Он представил себе, как будет стоять на стремянке возле котла с черпаком в руках и как ребята, получая ужин, начнут злословить, потешаться над ним и говорить, что, видно, Тоня совсем прибрала его к рукам, установила полный матриархат и скоро будет уходить на задание, оставляя Вятликова за себя.

— Значит, даже этого не хочешь ради меня сделать? — обидчиво сказала Тоня, часто-часто моргая длинными густыми ресницами, словно собираясь заплакать.

— Ладно, дьявол тебя забери, — решился Вятликов. — Я, считай, на поругание из-за тебя иду. Только…

— Ой, Вятличек, все, все будет хорошо, — бурная радость так охватила Тоню, что она, не удержавшись, чмокнула его во влажную щеку и тут же помчалась к землянке.

— Погоди, — придержал ее Вятликов. — А вдруг Цветаш спросит?

— Да ты не беспокойся. Это уж моя забота. Я у него отпрашивалась. А если задержусь, скажи, чтобы икру не метал. Мало ли какие могут быть у девушки дела!

Последние слова Тони пришлись Вятликову не по нутру, но он промолчал.

В землянке Тоня пробыла недолго. Она взяла пистолет, пододела под платье теплую кофту и, стараясь никому не попадаться на глаза, проскользнула между землянками в лес.

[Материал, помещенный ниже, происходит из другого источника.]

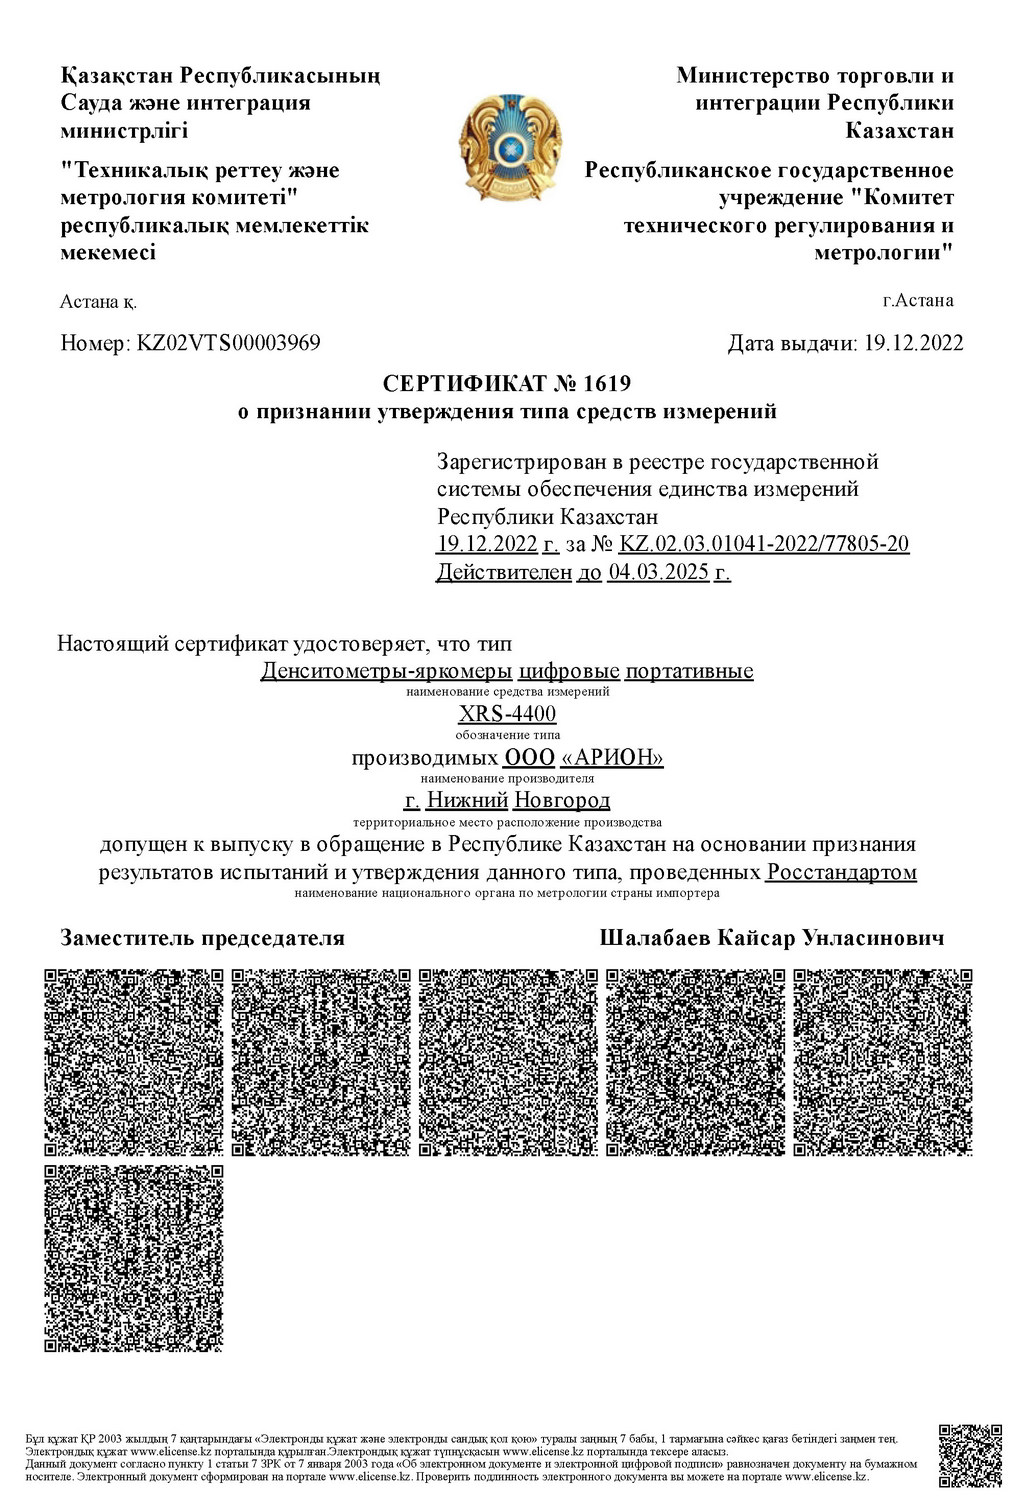 Сертификат утверждения типа СИ в Республике Казахстан

Тоня почти не шла — она очень спешила, чтобы позволить себе такую роскошь. Тем более, что, конечно же, Рыжухин отмахал за это время уже добрую половину пути — несмотря на солидный вес и кажущуюся громоздкость, он ходил легко и сноровисто. А ей нужно было догнать его. Нет, он так никогда и не узнает, что Тоня шла за ним следом, смотрела, как он поднимается на крутобокую железнодорожную насыпь, как закладывает мину. Не узнает, что Тоня незримо охраняла его, потому что просто немыслимо одному ходить на задание в такую пакостную ночь, когда луна, словно взбесившись, дотошно высвечивает подсиненным холодным светом каждый потайной уголок. Да, об этом он никогда не узнает. Никогда? Нет, все же узнает, но только в те счастливые дни, когда она сможет назвать его не Рыжухиным, как всегда, а Рыжиком. Ей очень хотелось называть его Рыжиком, и она называла его так, но только про себя, мысленно, не решаясь произнести этого вслух.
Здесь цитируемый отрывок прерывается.